Но потом, когда, казалось, здоровье возвратилось к нему, эта заботливость Лотарио сделалась не такой уж необходимой и графу стало казаться, что ей не хватает бескорыстия. Именно тогда, вняв совету Самуила, Юлиус решил снять для Фредерики поместье в Ангене. Но чего он этим добился? Только того, что Лотарио, не имея причин отказываться от милых сердцу привычек, принялся делить свои визиты между Юлиусом и Фредерикой. Стоило первым лучам весеннего солнца засиять на небесах и в его сердце, как он садился на лошадь и мчался, будто надеясь испарить на вольном воздухе мысли, кипящие в его мозгу.

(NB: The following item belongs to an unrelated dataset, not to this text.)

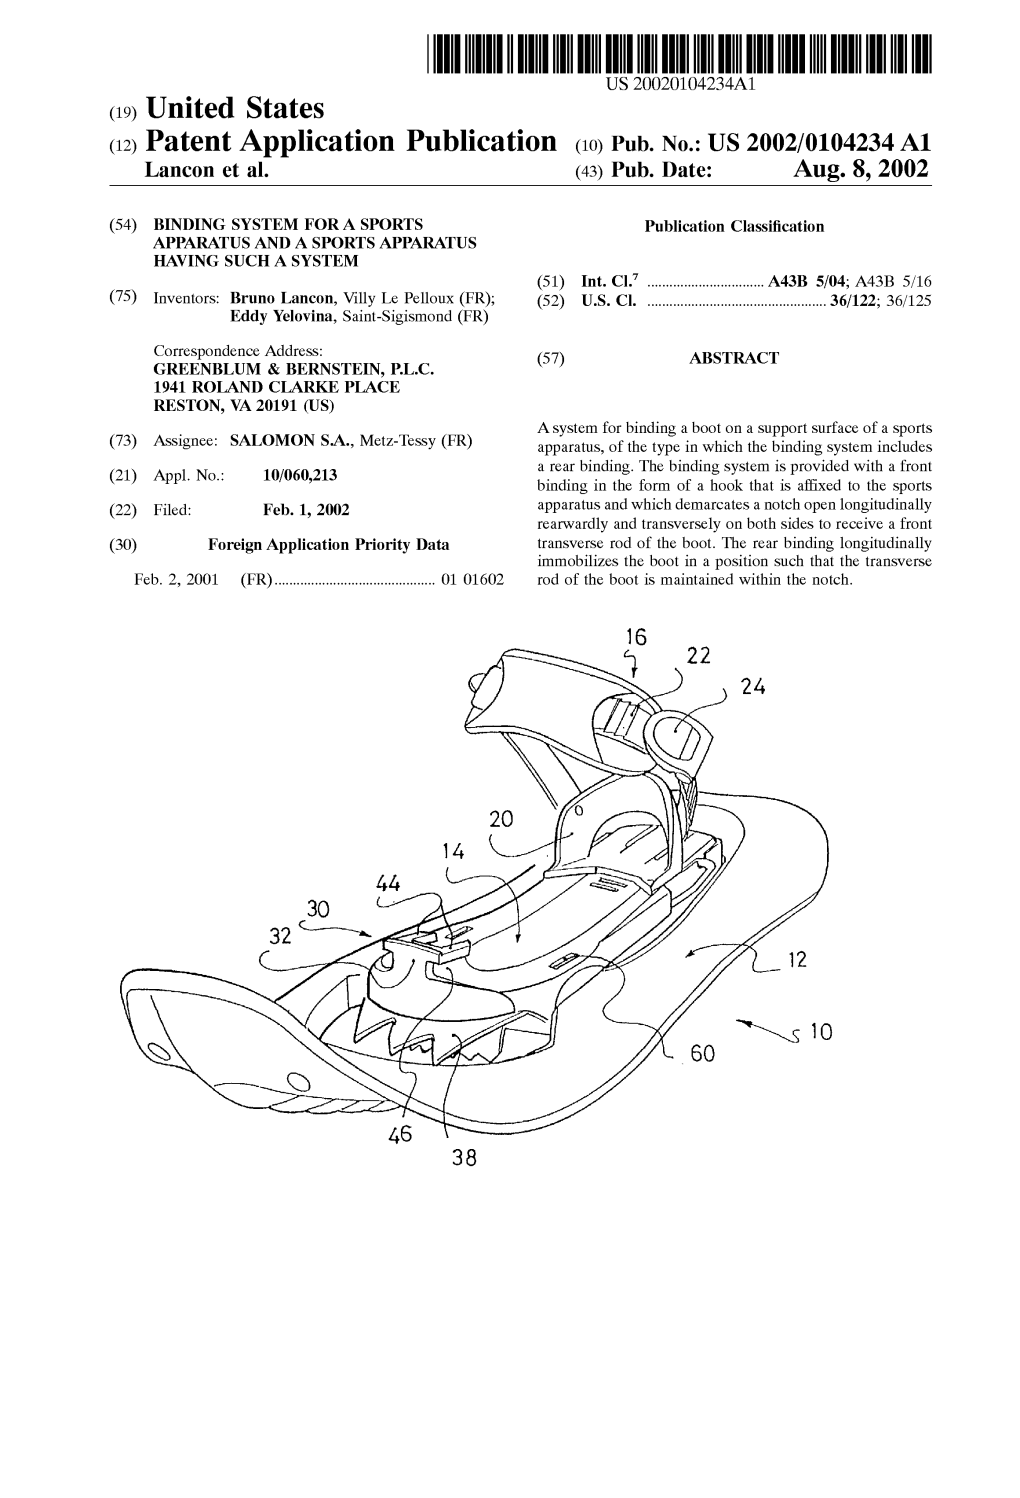 (12) Patent Application Publication (10) Pub. No.: US 2002/0104234 A1 Lancon Et Al

Куда же он направлялся? Если верить Самуилу, в сторону Ангена. Но, еще прежде чем это сказал Самуил, собственная ревность уже шепнула Юлиусу, что так оно и есть.

Женясь на Фредерике, Юлиус думал, что последние лучи радости позолотят закат его жизни, а вместо этого все окрасилось в еще более мрачные тона. И такова была горькая ирония судьбы, что источником его страданий стало именно то, что, казалось, должно сделать его счастливым. Фредерика стала его женой, Лотарио вернулся, здоровье крепнет, и вот эти-то три отрадных обстоятельства превратились для него в пытку.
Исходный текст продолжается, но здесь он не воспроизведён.